Kitabın tanıtım bölümünden
Künye: Dağlar Kuşatır Yalnızlığını, Yazar: Barış Yıldırım
Mimas Yayınları, 178 Sayfa
Ölüm ve Kutsal –Hüseyin Kırmızı
Siyasal bir sorun olarak ölüm nasıl kavranabilir? Topluluk ile kurucu kökeni arasındaki fark üzerinden yaklaştığımızda sorun kutsal ile ilgili bir soruna dönüşür. Din ile ölüm arasındaki bağ nerede düğümlenir?

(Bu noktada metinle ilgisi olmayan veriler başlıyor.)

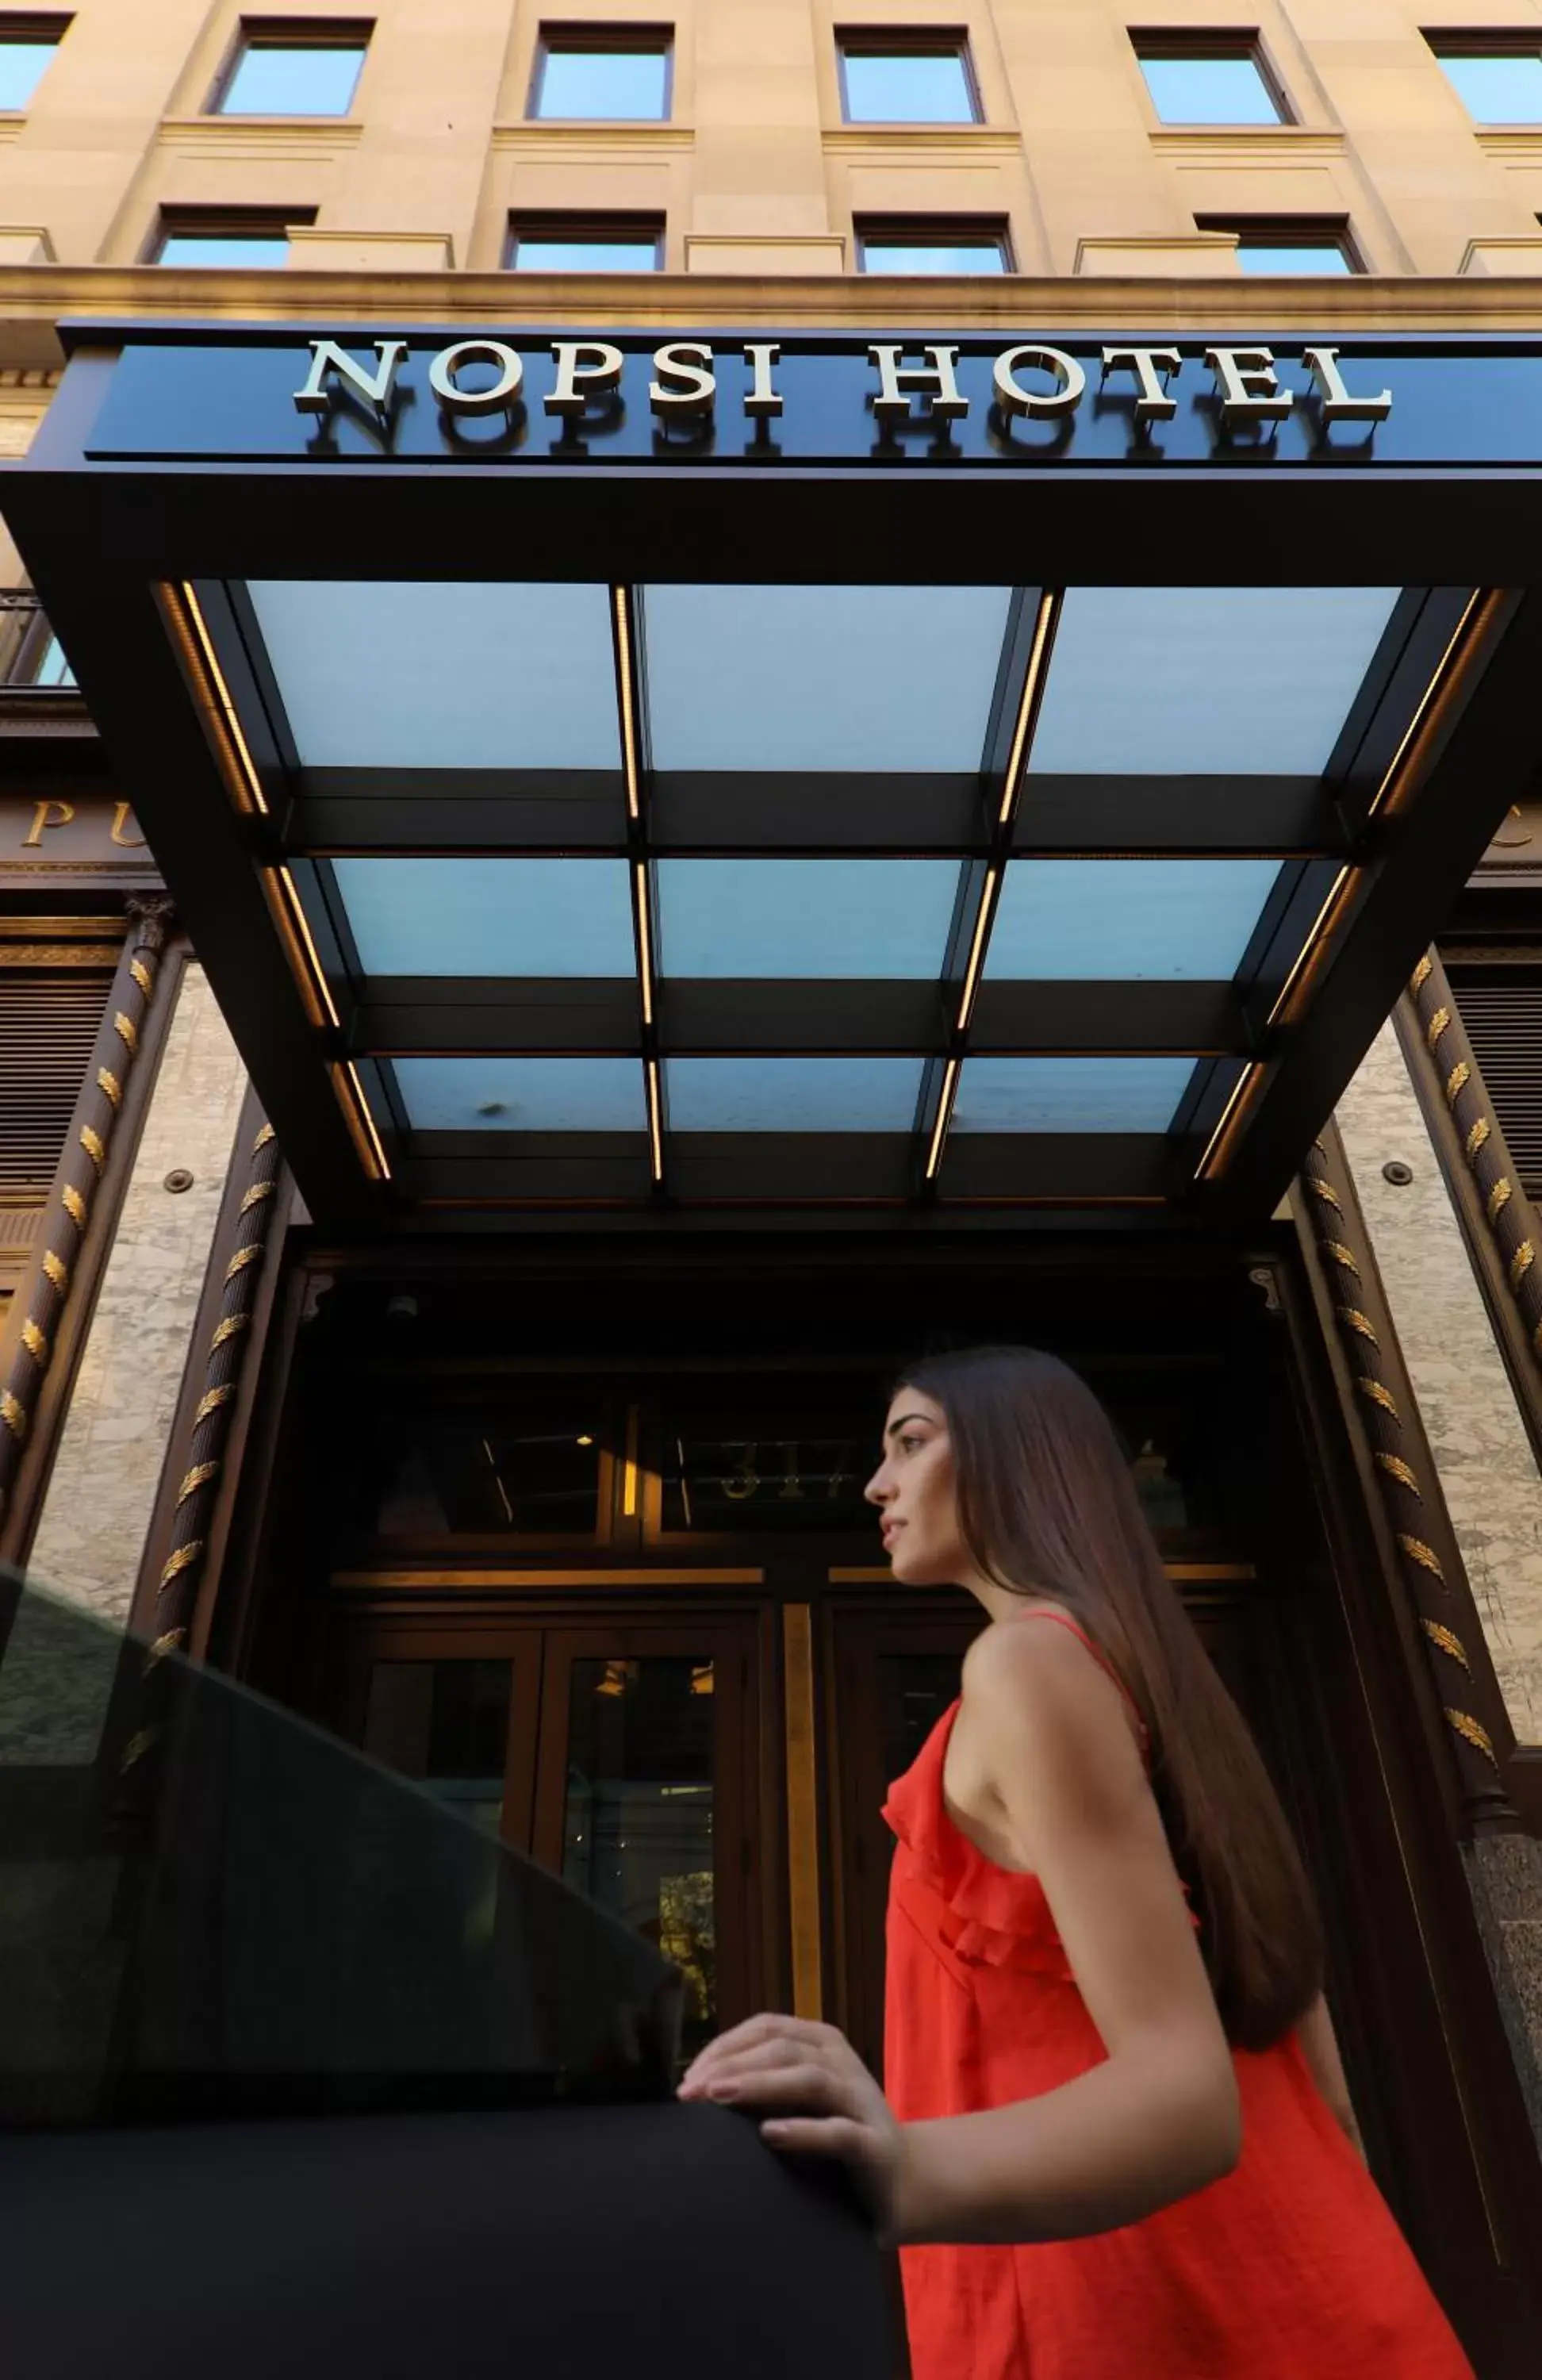 Facade/entrance in NOPSI Hotel New Orleans
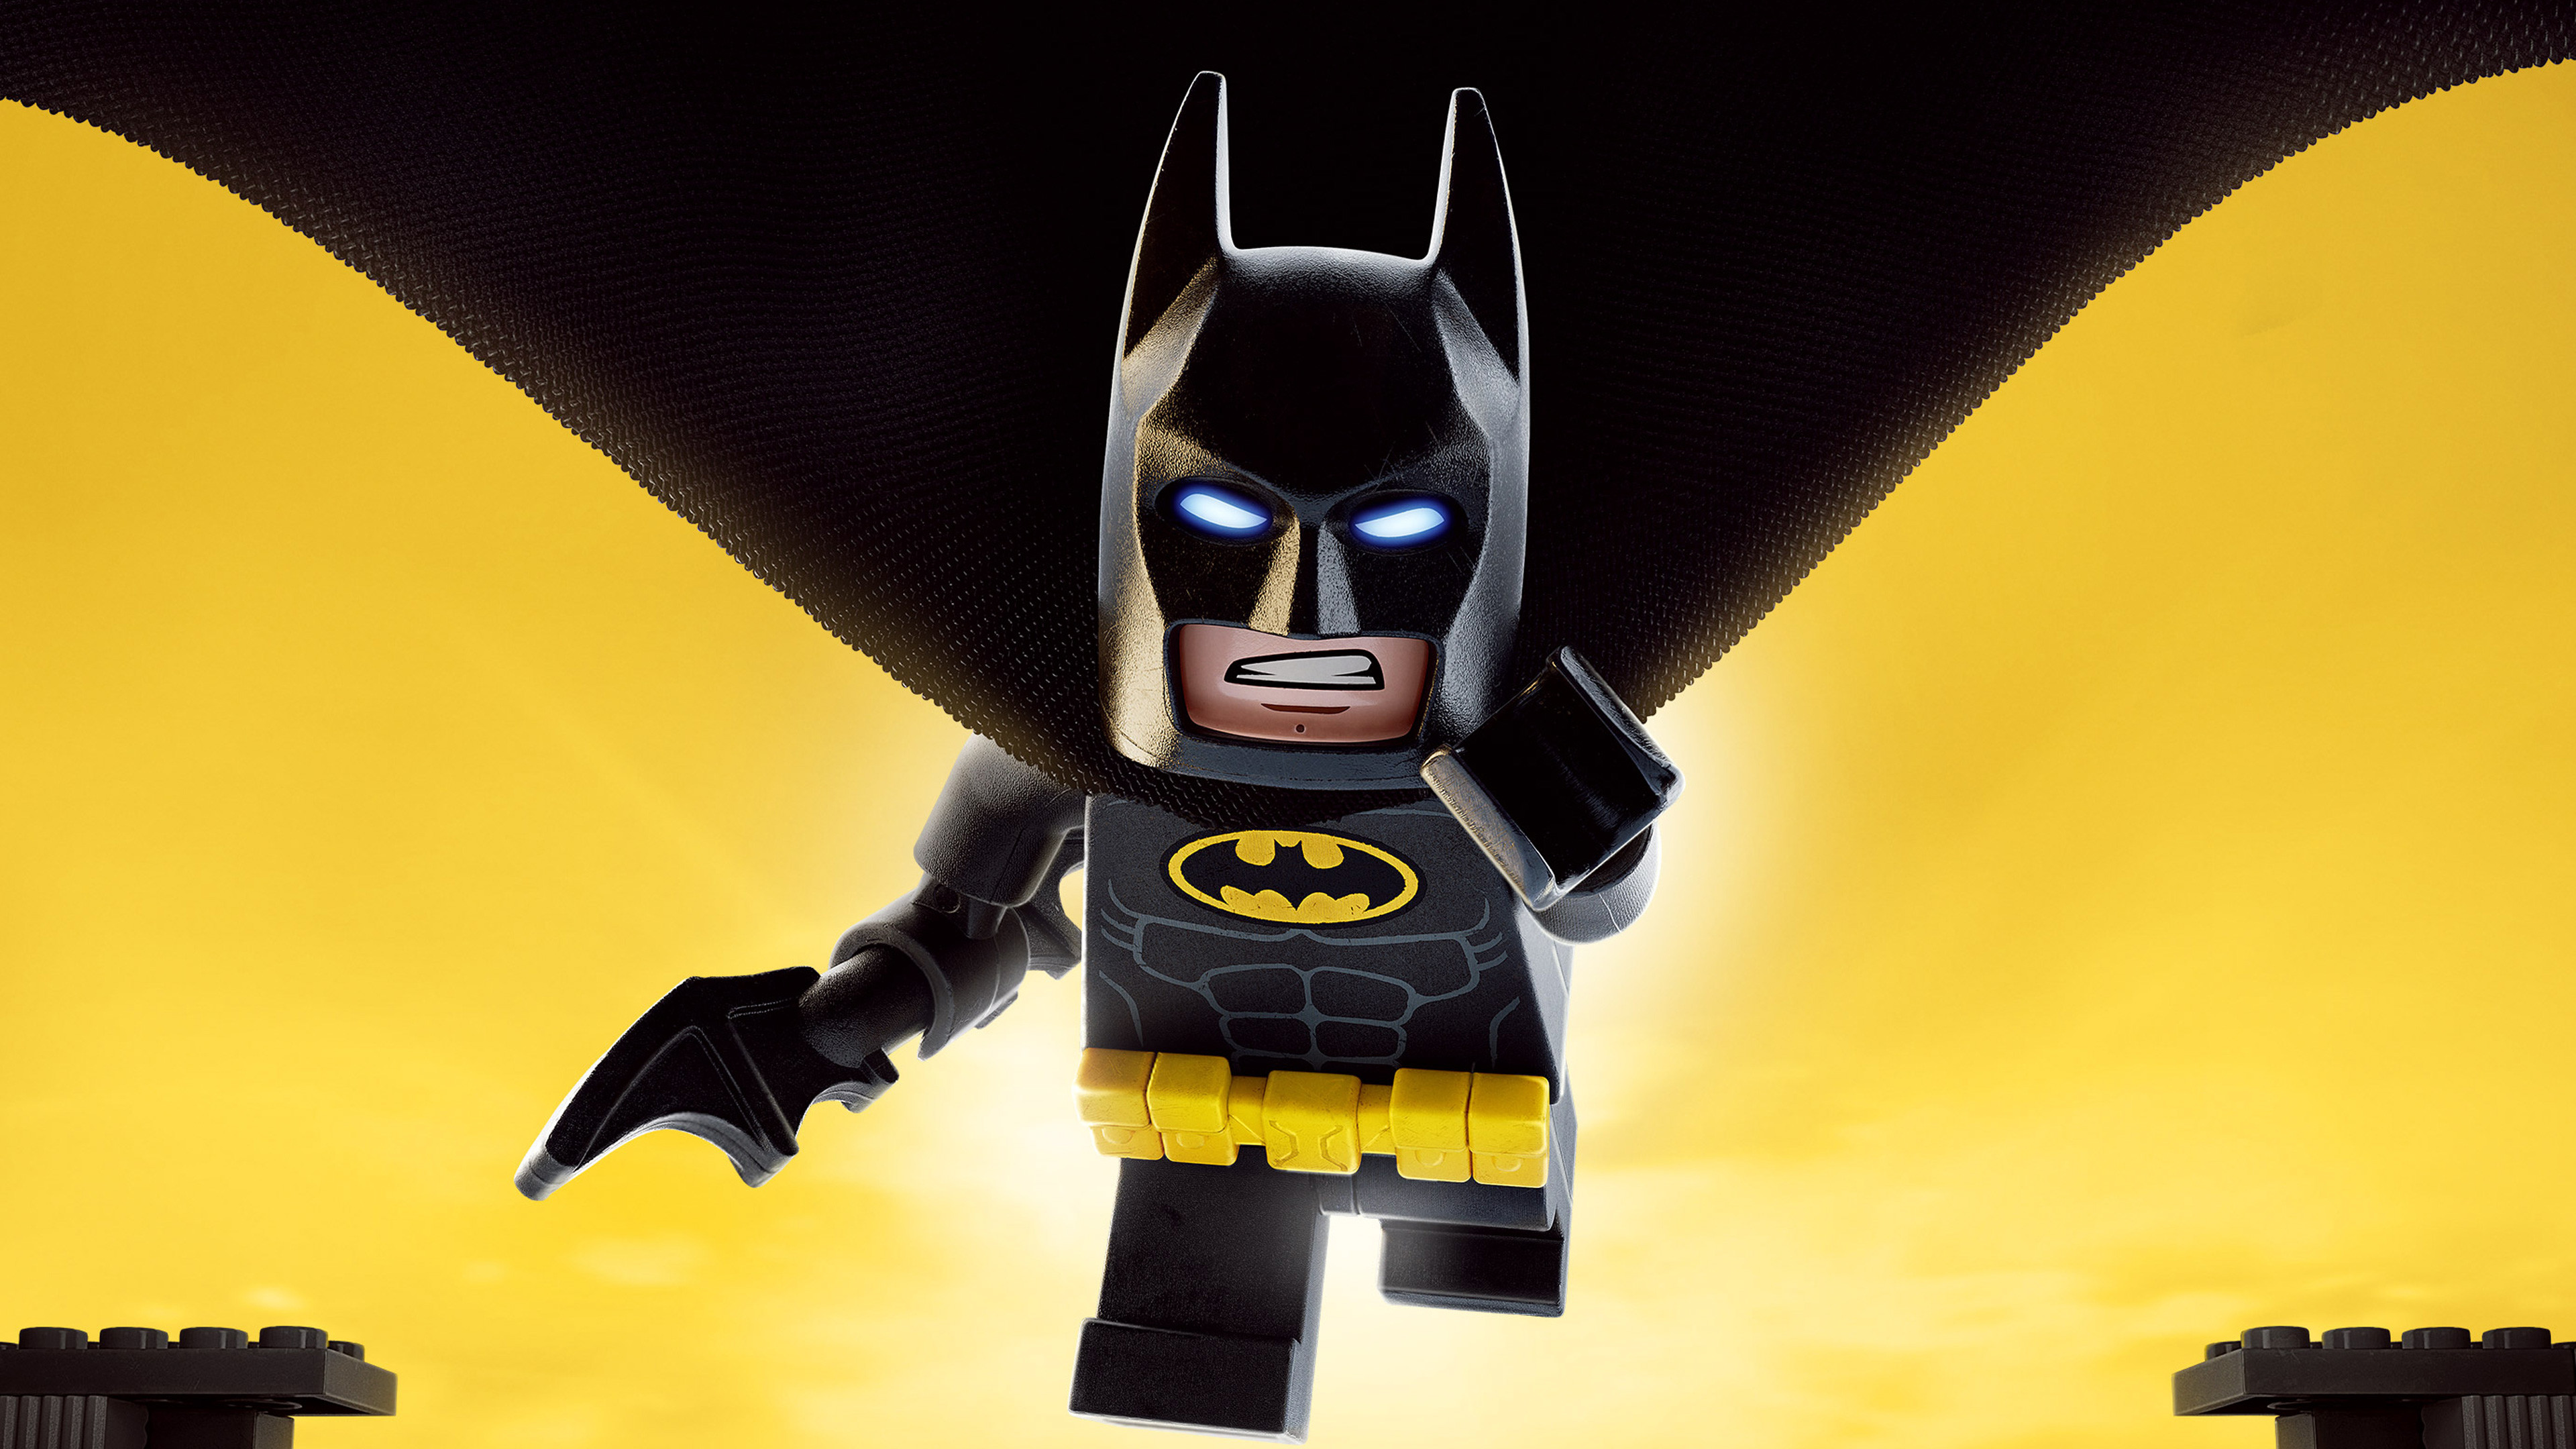 3840x2160 The Lego Batman Movie 4K 2017 - This HD wallpaper is based on The Lego  Batman

Devletin kutsal ile topluluk ve bununla ilişkili olarak topluluk ile ölüleri arasına girdiği ya da ölülerin işlevine devletin el koyduğu topluluklarda şehitlikten veya kurbandan söz edilebilir mi? Ya da şehitlik ve kurban bu topluluklarda ölülere savaş açmanın, ölümü anlamsızlaştırmanın araçlarına mı dönüşmüştür?
Elinizdeki kitap, ölümü ölümden ibaret kılan bir eğilimi açıklamaya çalışmakta. Ölümün üzerinden çekip alınan tüm kutsallığı öldürmeye yükleyen bir eğilim.
Hüseyin Kırmızı ölüm ile toplumsal kuruluş arasındaki bağı ve bu bağın IŞİD’in somutlaştırdığı üst- Müslümanlık eğilimi için yarattığı gerilimi ele alıyor. IŞİD’in bu gerilime karşı geliştirdiği ölüm kurgularını sosyoloji, siyaset felsefesi ve siyasal antropolojinin verimini kullanarak analiz ediyor.
Kitabın tanıtım bölümünden
Künye: Ölüm ve Kutsal, Yazar: Hüseyin Kırmızı
Dipnot Yayınları, 224 Sayfa
Dejavu – Menekşe Toprak
“Öyle ya, harem kültüründen, kapalı odalardan çıkıp sokaklarda tek başına yürümeyi öğrendik biz kadınlar, diye düşündü. Üstelik de bir paşa torunu, konak kızı olarak nereden nereye… Ülkenin insanını, kenar mahalleleri, işçi sınıfını, yoksulluğu, çamuru, açlıktan ölünebileceğini, açlık yüzünden etini satan kadınları tanıdığını biliyordu artık. En az bir yıl mahkeme muhabiri olarak çalışmış, katili, hırsızı, fuhuş yapan, yapmak zorunda olan kadınları dinlemişti. Ne büyük dramlar. Çoğu sanki bir dalgınlık anına gelmiş insanlık trajedileri.”
İşsiz bırakılmış bir kadın akademisyen Berlin sokaklarında Suat Derviş’in yüz yıl önceki izini sürüyor. Yabancı bir ülkede kalemiyle geçinmeye, ayakta durmaya çalışan bir yazar. O da yitirmiş midir umudunu? Yoksa, erkeklerin sen yapamazsın bakışlarına; Batı’nın, bize o büyülü Şark’ı anlat dayatmalarına aldırmadan yürüyüp gitmiş midir özgürce? Âşıkken, yoksulken, yazarken, gülerken, ağlarken yüreğine oturan, İstanbul’u ve Berlin’i, geceleri ve gündüzleri birbirinin aynısı kılan o dejavu duygusunu yaşamış mıdır?
Menekşe Toprak, Suat Derviş’i günümüz kadınlarıyla bir Dejavu’da buluşturuyor. Her şey size aşina gelecek.